Top of Record set

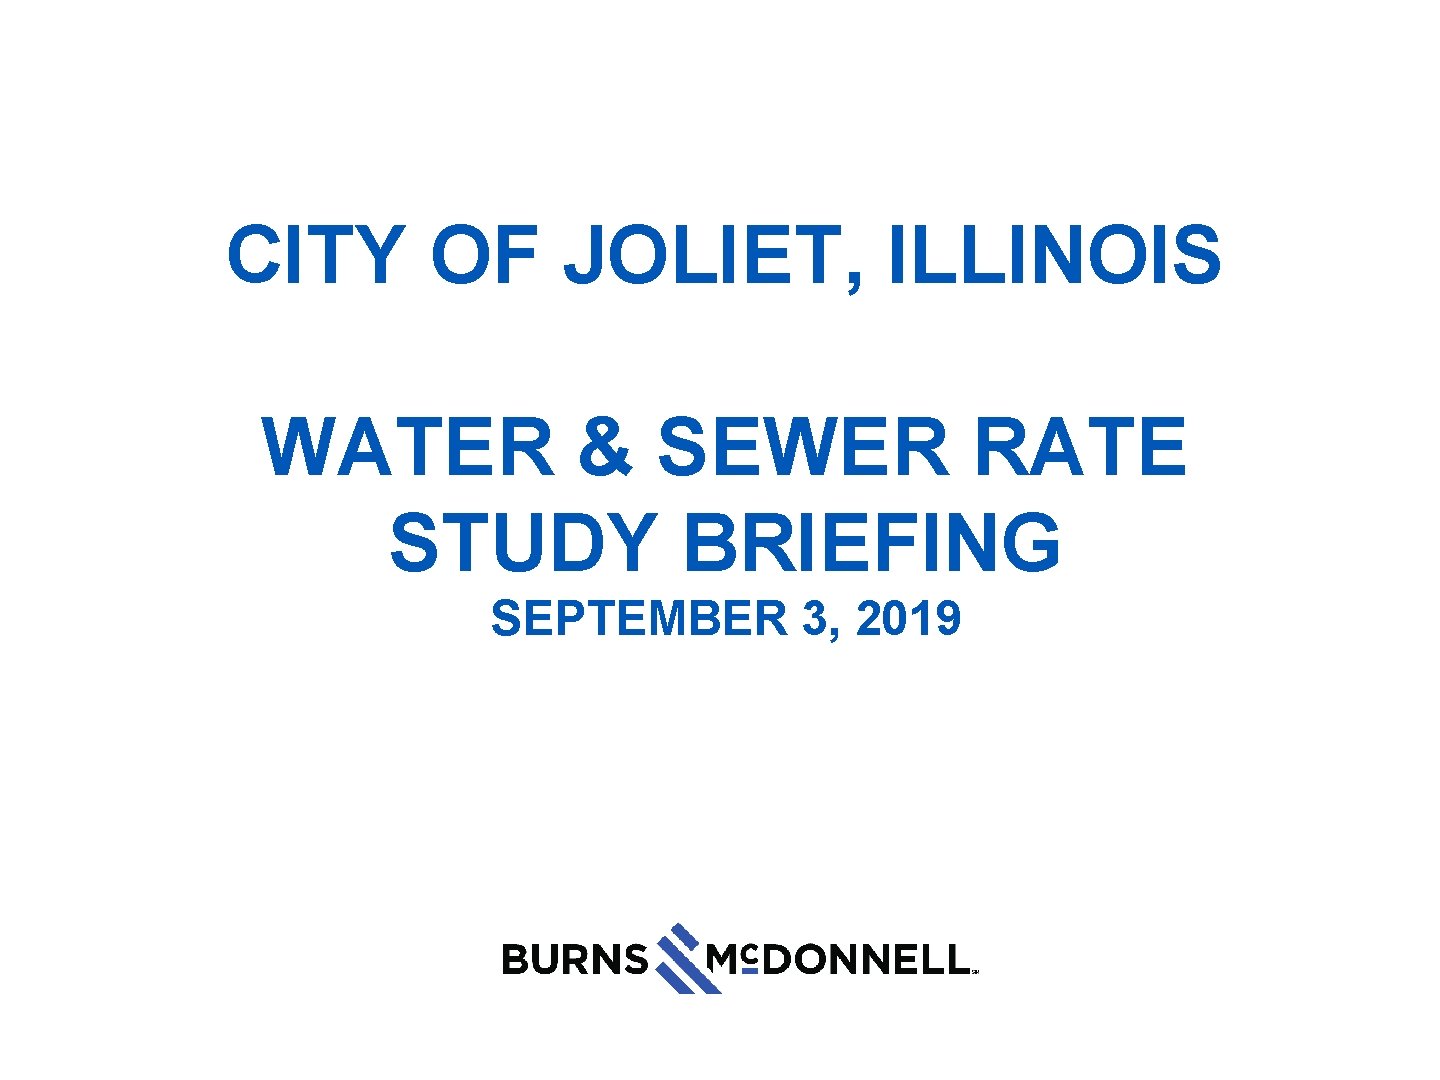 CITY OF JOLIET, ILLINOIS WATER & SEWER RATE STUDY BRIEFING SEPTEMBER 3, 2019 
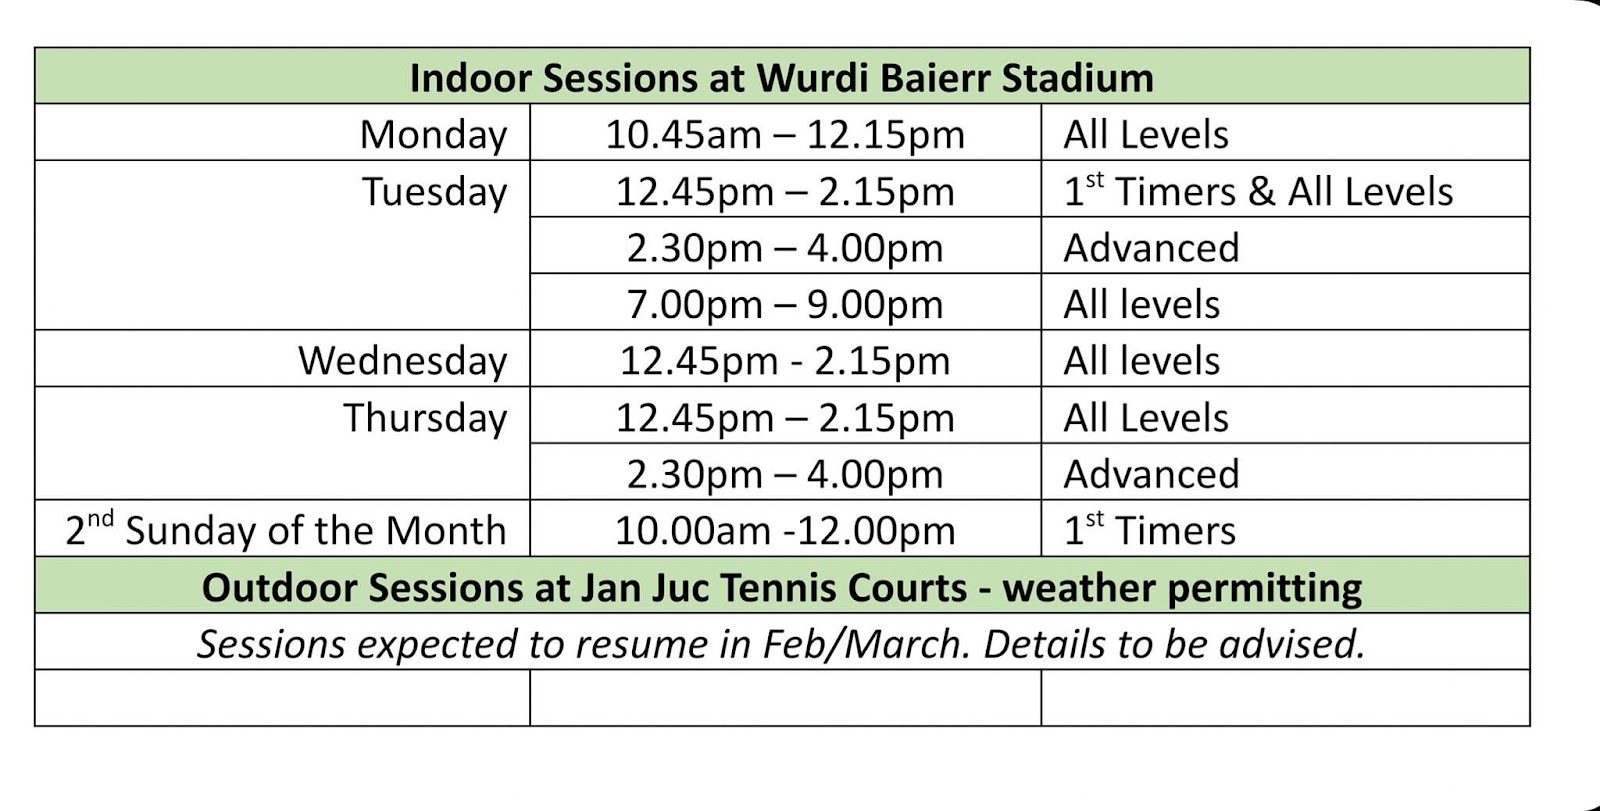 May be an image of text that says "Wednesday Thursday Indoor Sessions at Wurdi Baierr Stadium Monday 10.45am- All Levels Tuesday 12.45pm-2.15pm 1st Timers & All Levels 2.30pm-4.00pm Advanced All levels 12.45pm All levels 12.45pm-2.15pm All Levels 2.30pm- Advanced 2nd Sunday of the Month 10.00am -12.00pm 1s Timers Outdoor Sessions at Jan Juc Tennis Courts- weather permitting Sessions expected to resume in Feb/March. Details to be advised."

Bottom of Record set
Top of Record set

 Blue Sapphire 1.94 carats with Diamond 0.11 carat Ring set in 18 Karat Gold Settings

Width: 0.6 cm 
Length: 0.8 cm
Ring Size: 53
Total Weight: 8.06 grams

Bottom of Record set
Top of Record set

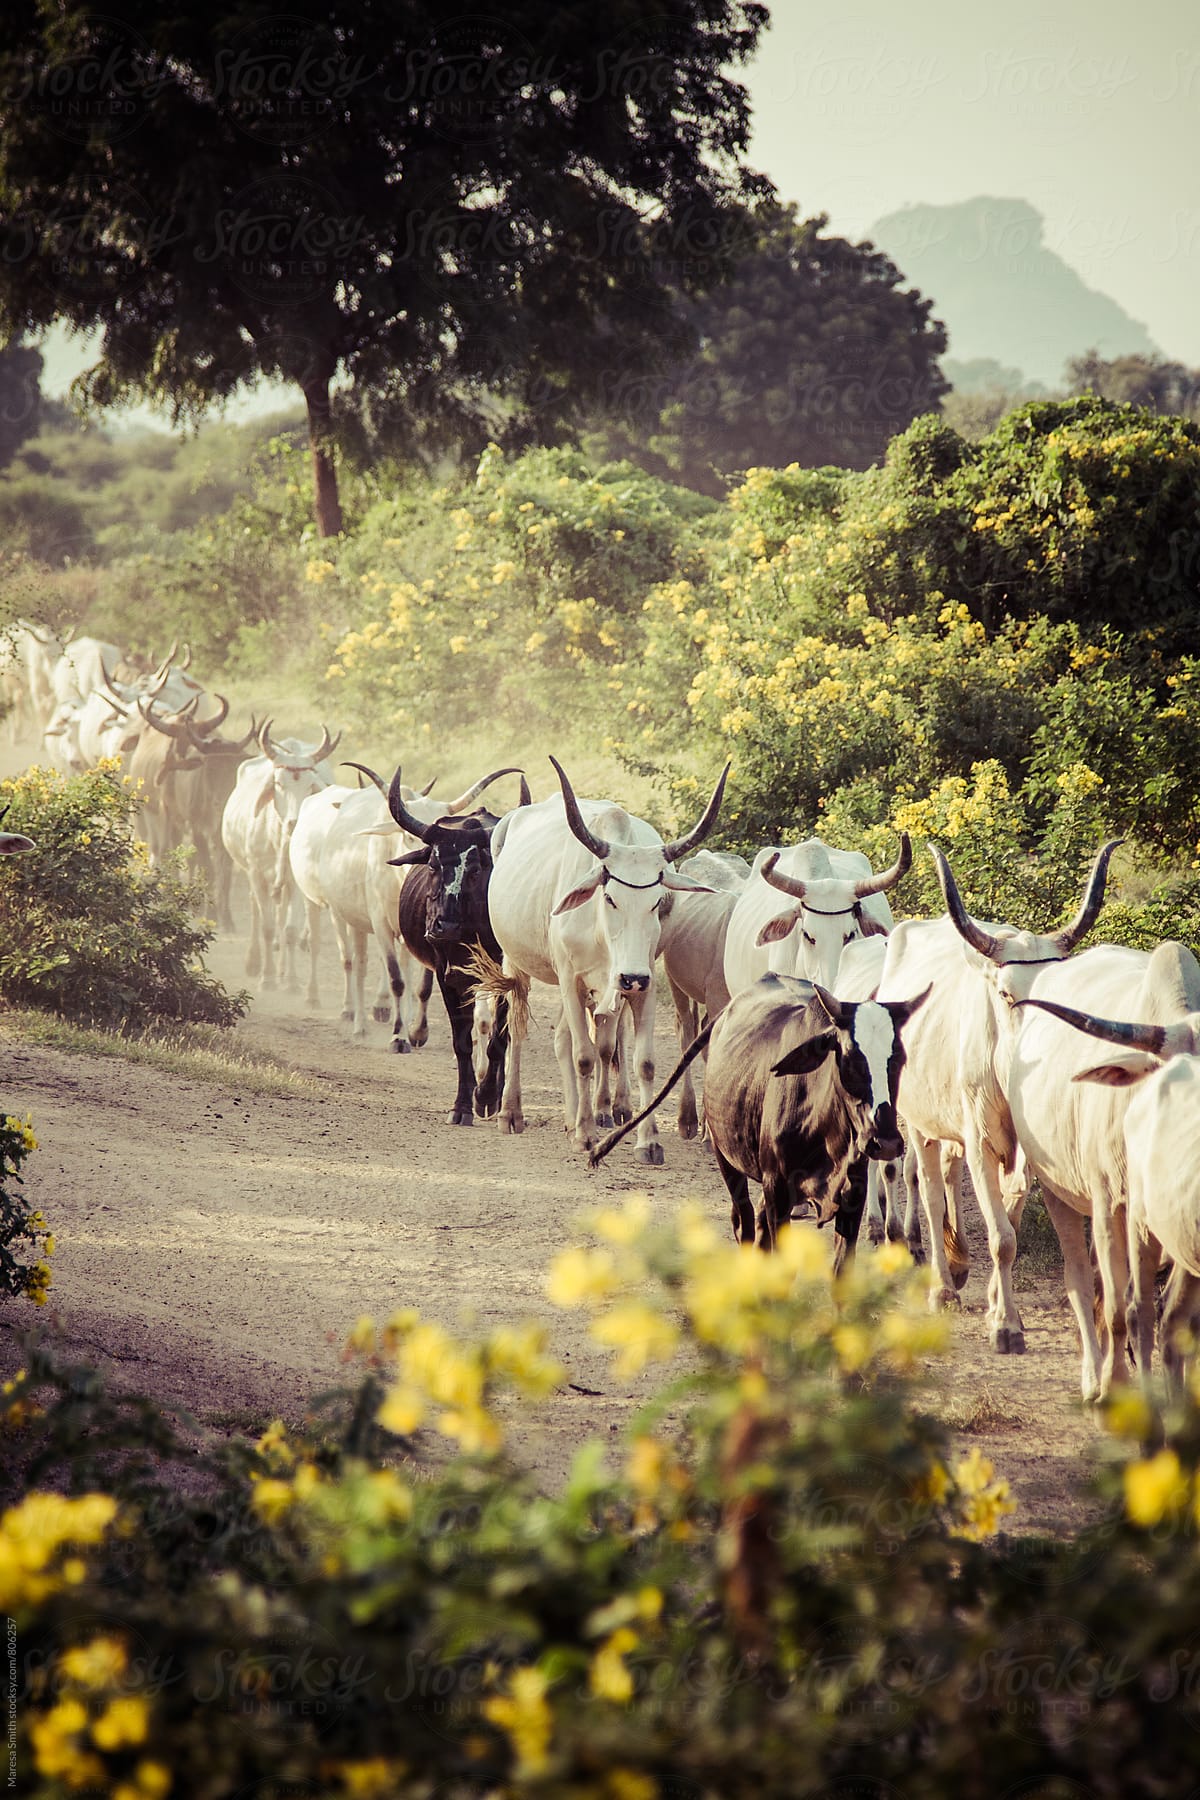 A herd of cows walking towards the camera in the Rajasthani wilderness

Bottom of Record set

## What to work on
In the material above, find the line containing "Blue Sapphire 1.94" and the line containing "Total Weight: 8.06 grams", then write out exactly those two lines and every line between them, and nothing more.

## Reply
 Blue Sapphire 1.94 carats with Diamond 0.11 carat Ring set in 18 Karat Gold Settings

Width: 0.6 cm 
Length: 0.8 cm
Ring Size: 53
Total Weight: 8.06 grams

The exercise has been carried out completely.